What this task involves – When you copy the listing, skip the images and return each line verbatim.

──────── The data ────────

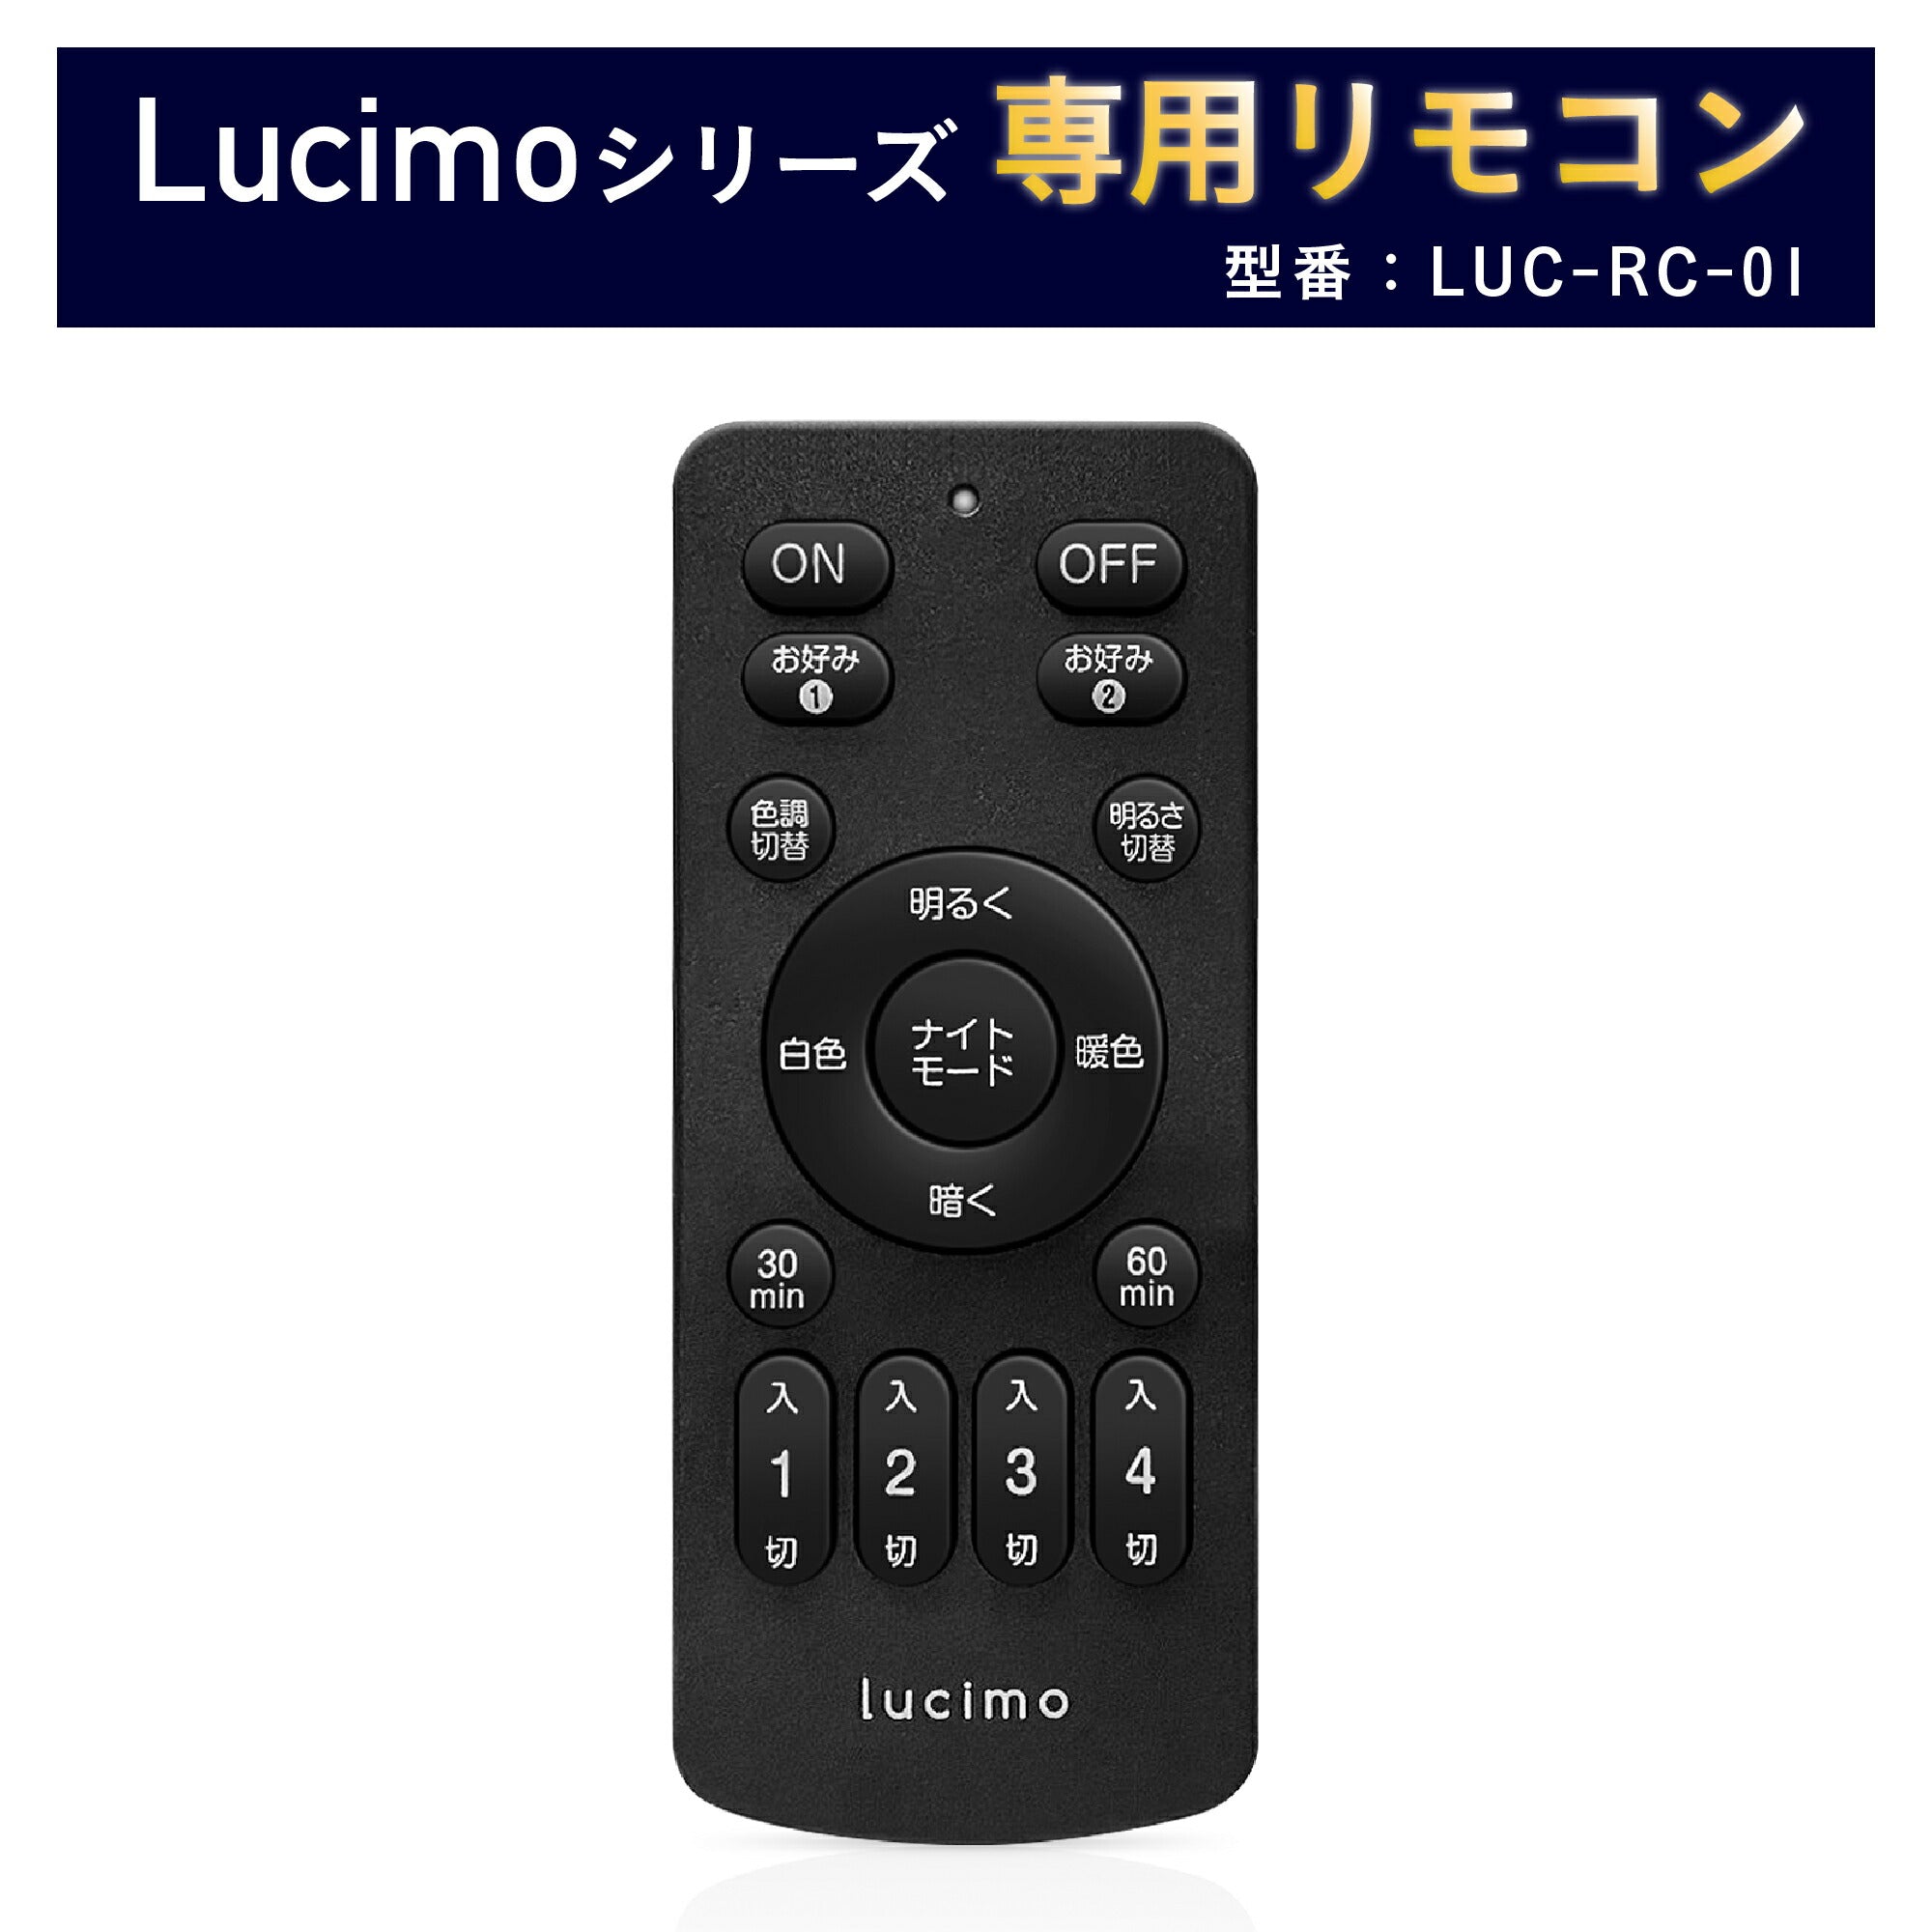 リモコン Lucimo ルシモ 照明 用 型番 LUC-RC-01 リモコン単品 – FINE
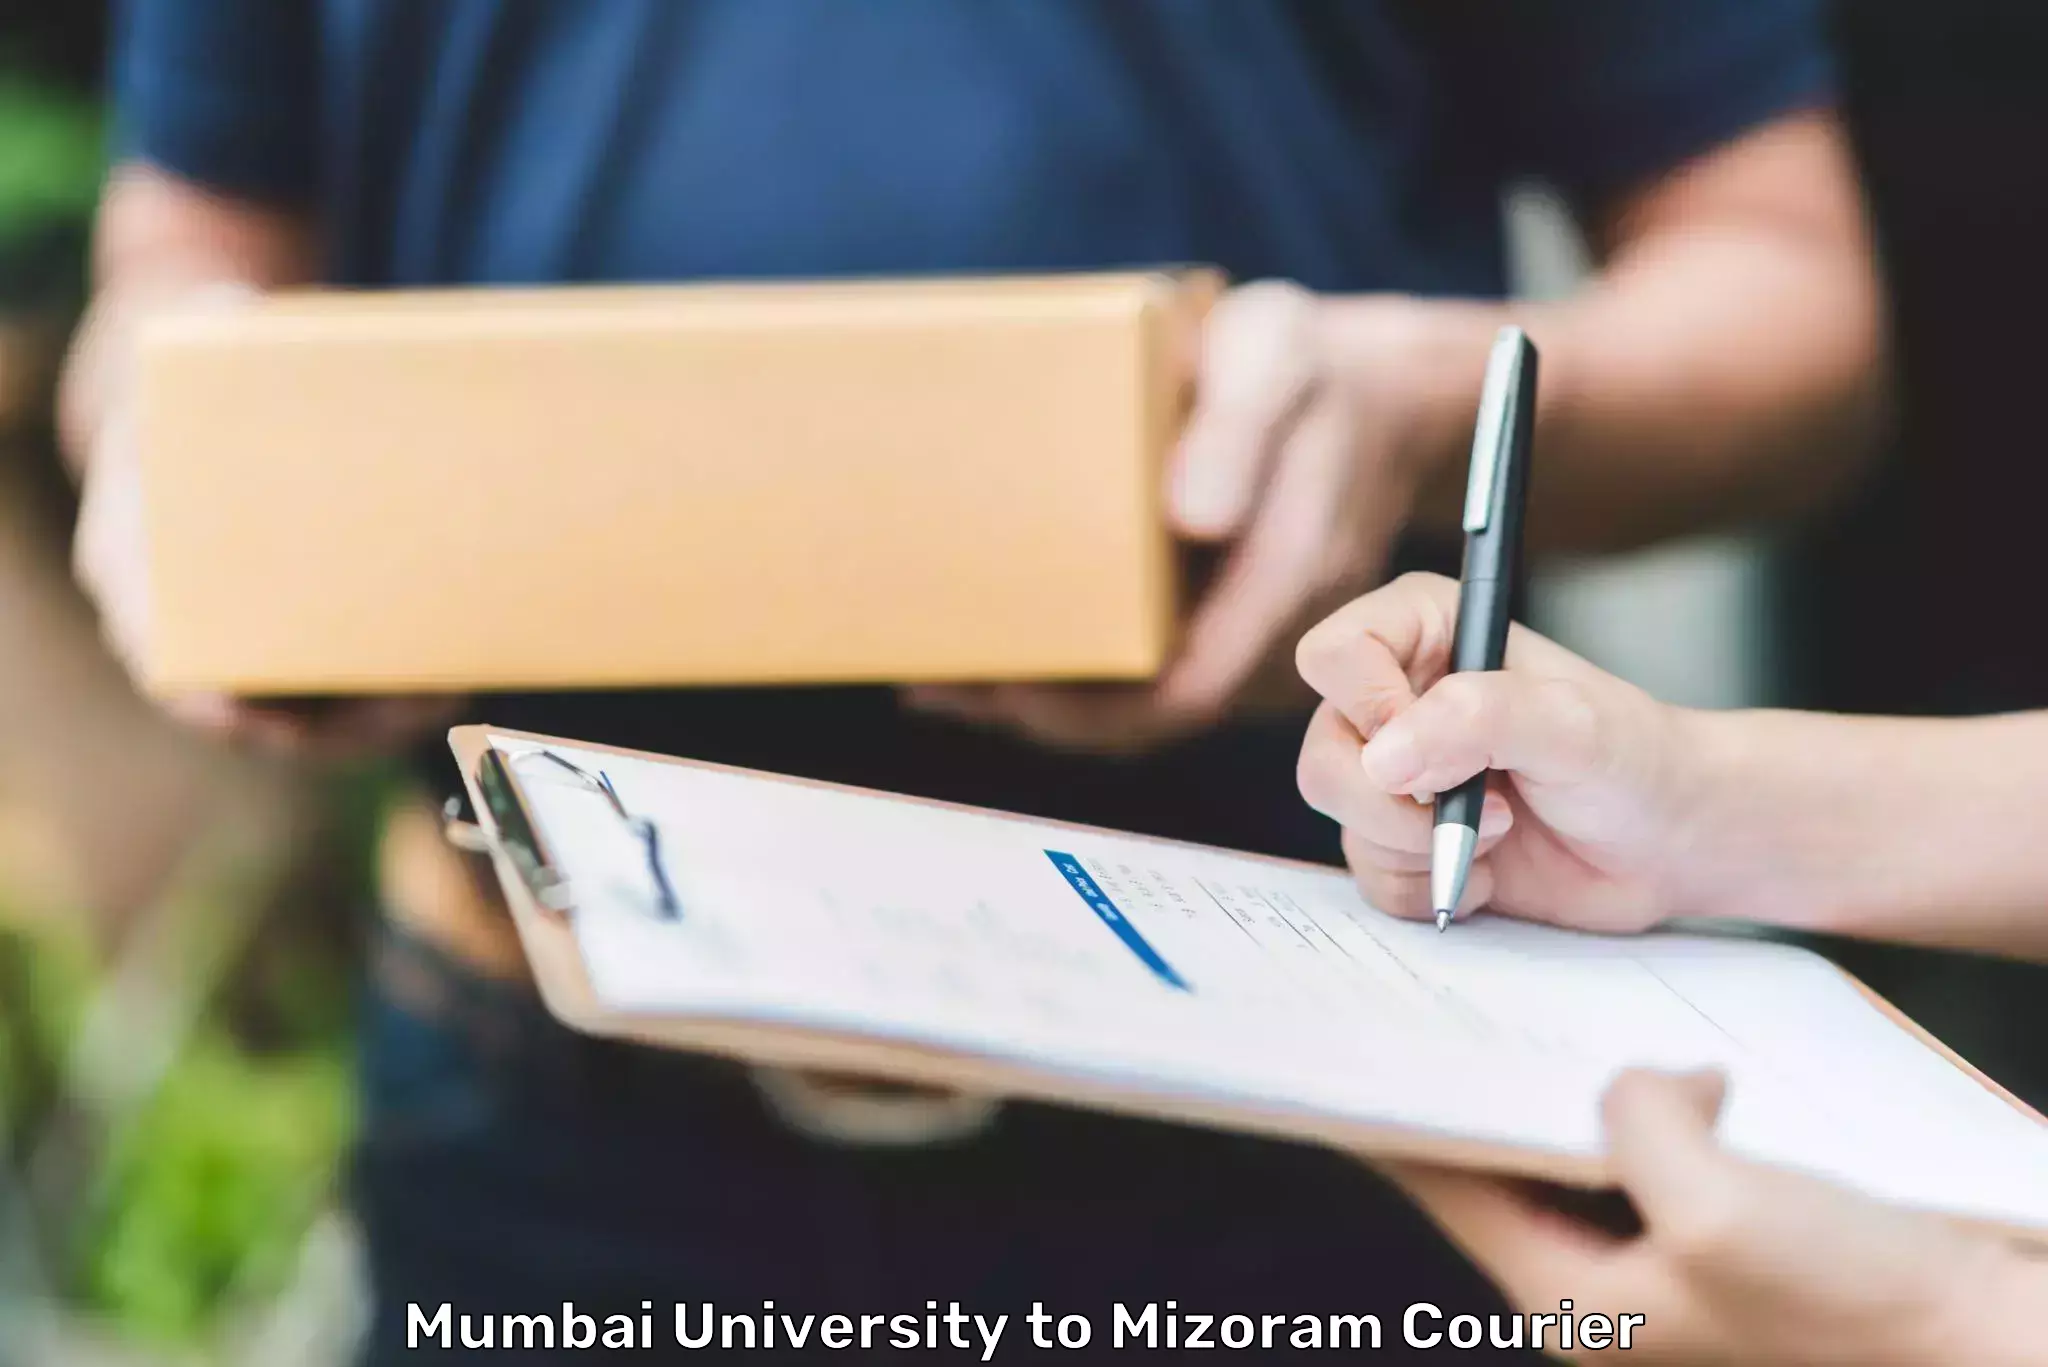 Courier service efficiency Mumbai University to Mizoram
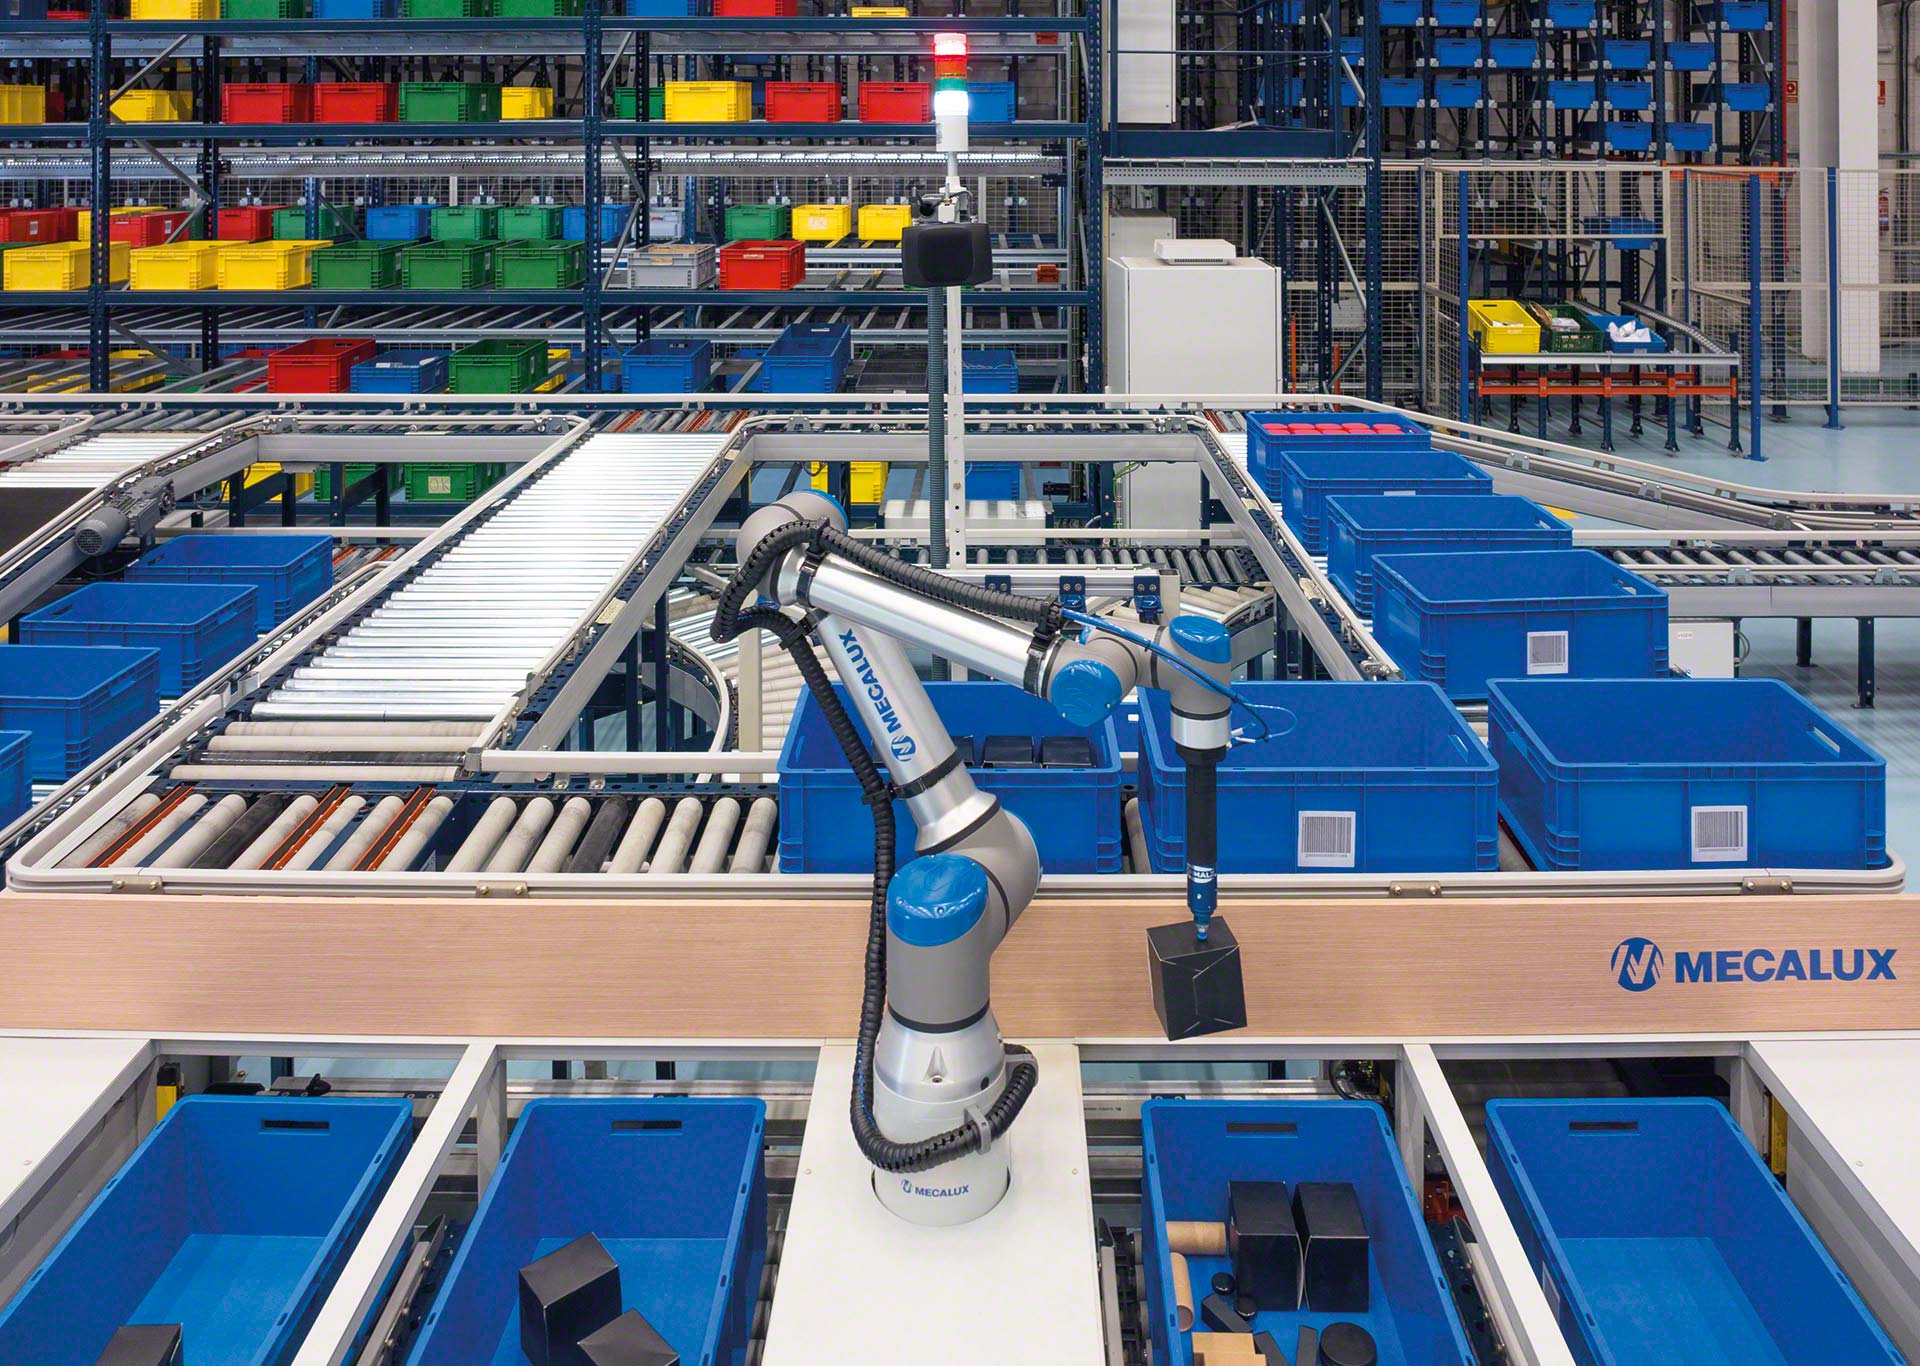 Mecalux bringt ein Robotersystem zur Kommissionierung mit der KI-Technologie von Siemens heraus

────────

Result of this task –
 リモコン Lucimo ルシモ 照明 用 型番 LUC-RC-01 リモコン単品 – FINE
 Courier service efficiency Mumbai University to Mizoram
 Mecalux bringt ein Robotersystem zur Kommissionierung mit der KI-Technologie von Siemens heraus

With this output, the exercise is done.